▸ **Directions**:
In the data below, find the line containing "Real Men Love Jesus on SweatShirt"; transcribe it and each line after it exactly, through the last, skipping pictures.

▸ **Recorded data**:
= Beginning of Section =

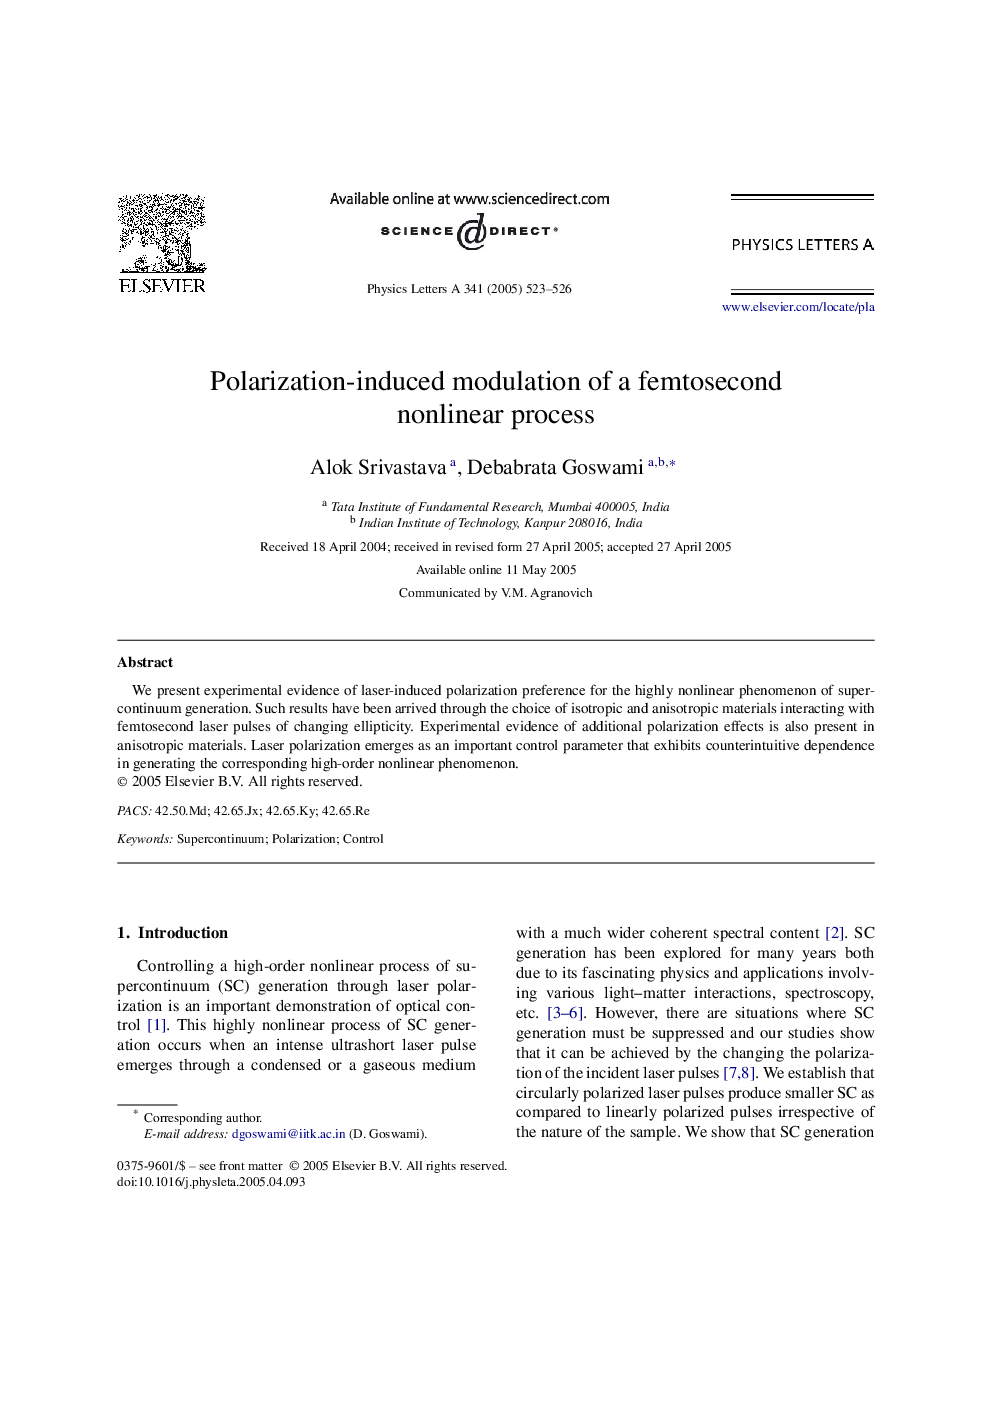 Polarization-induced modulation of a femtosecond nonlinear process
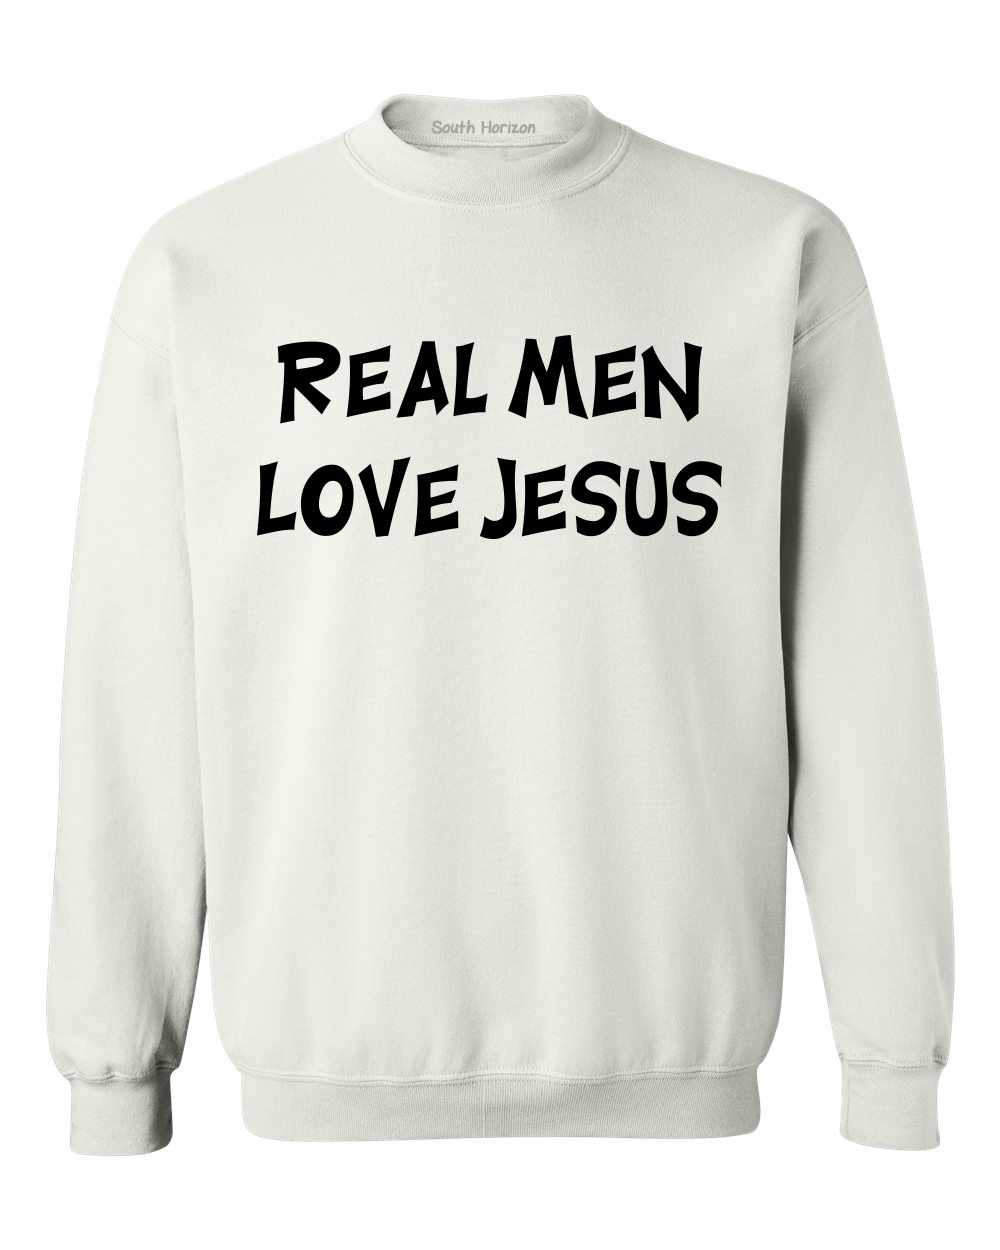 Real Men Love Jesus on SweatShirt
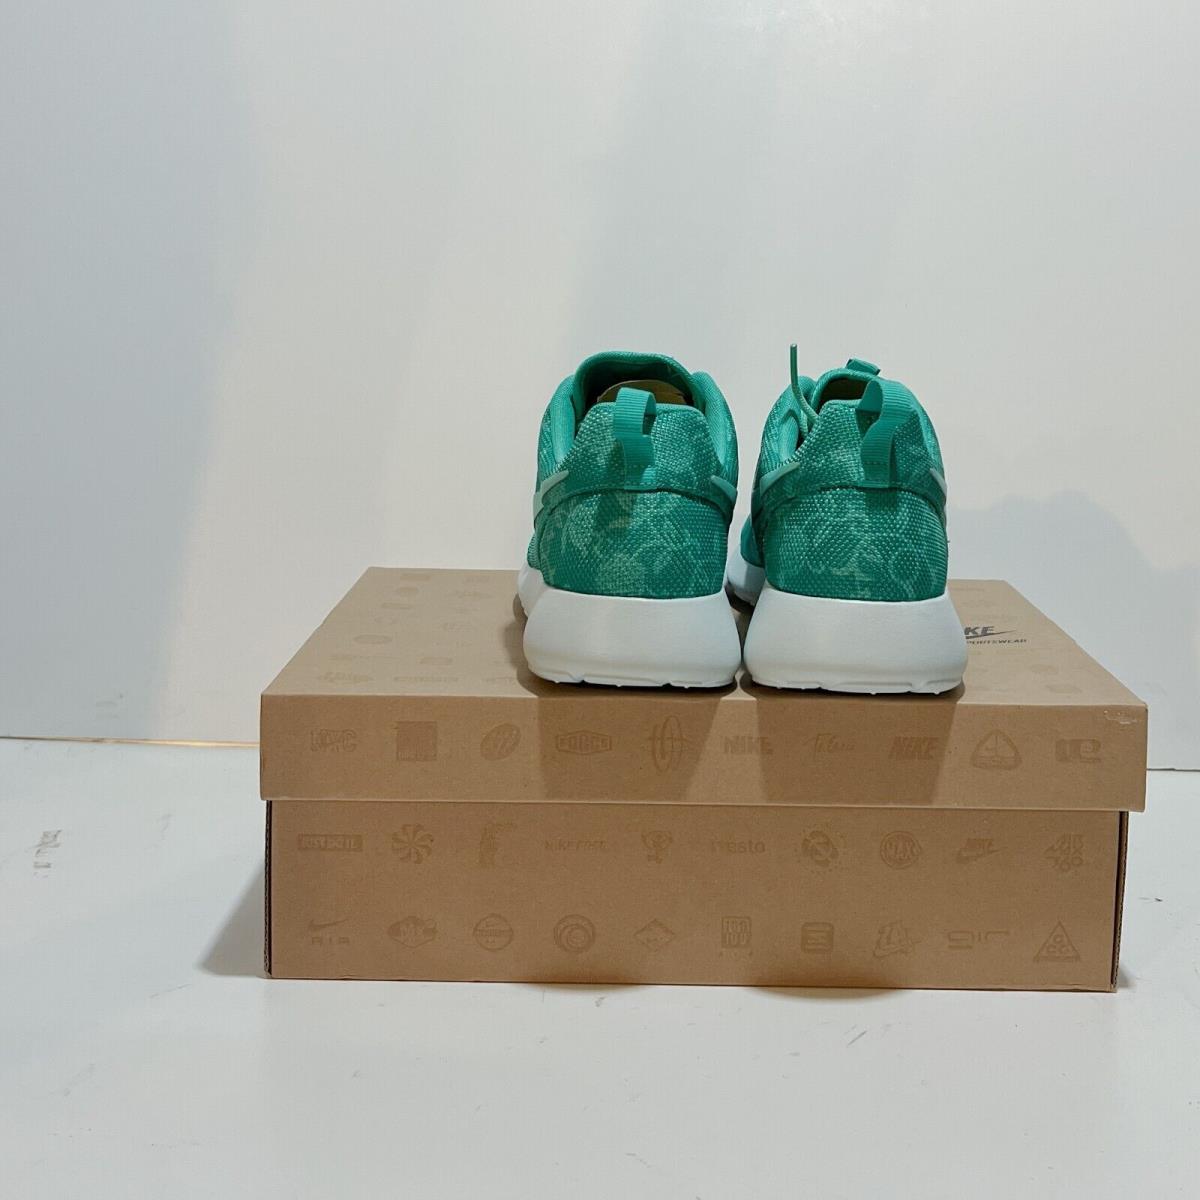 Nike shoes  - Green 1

= End of Section =

▸ **Answer to this exercise**:
 Real Men Love Jesus on SweatShirt
 Nike shoes  - Green 1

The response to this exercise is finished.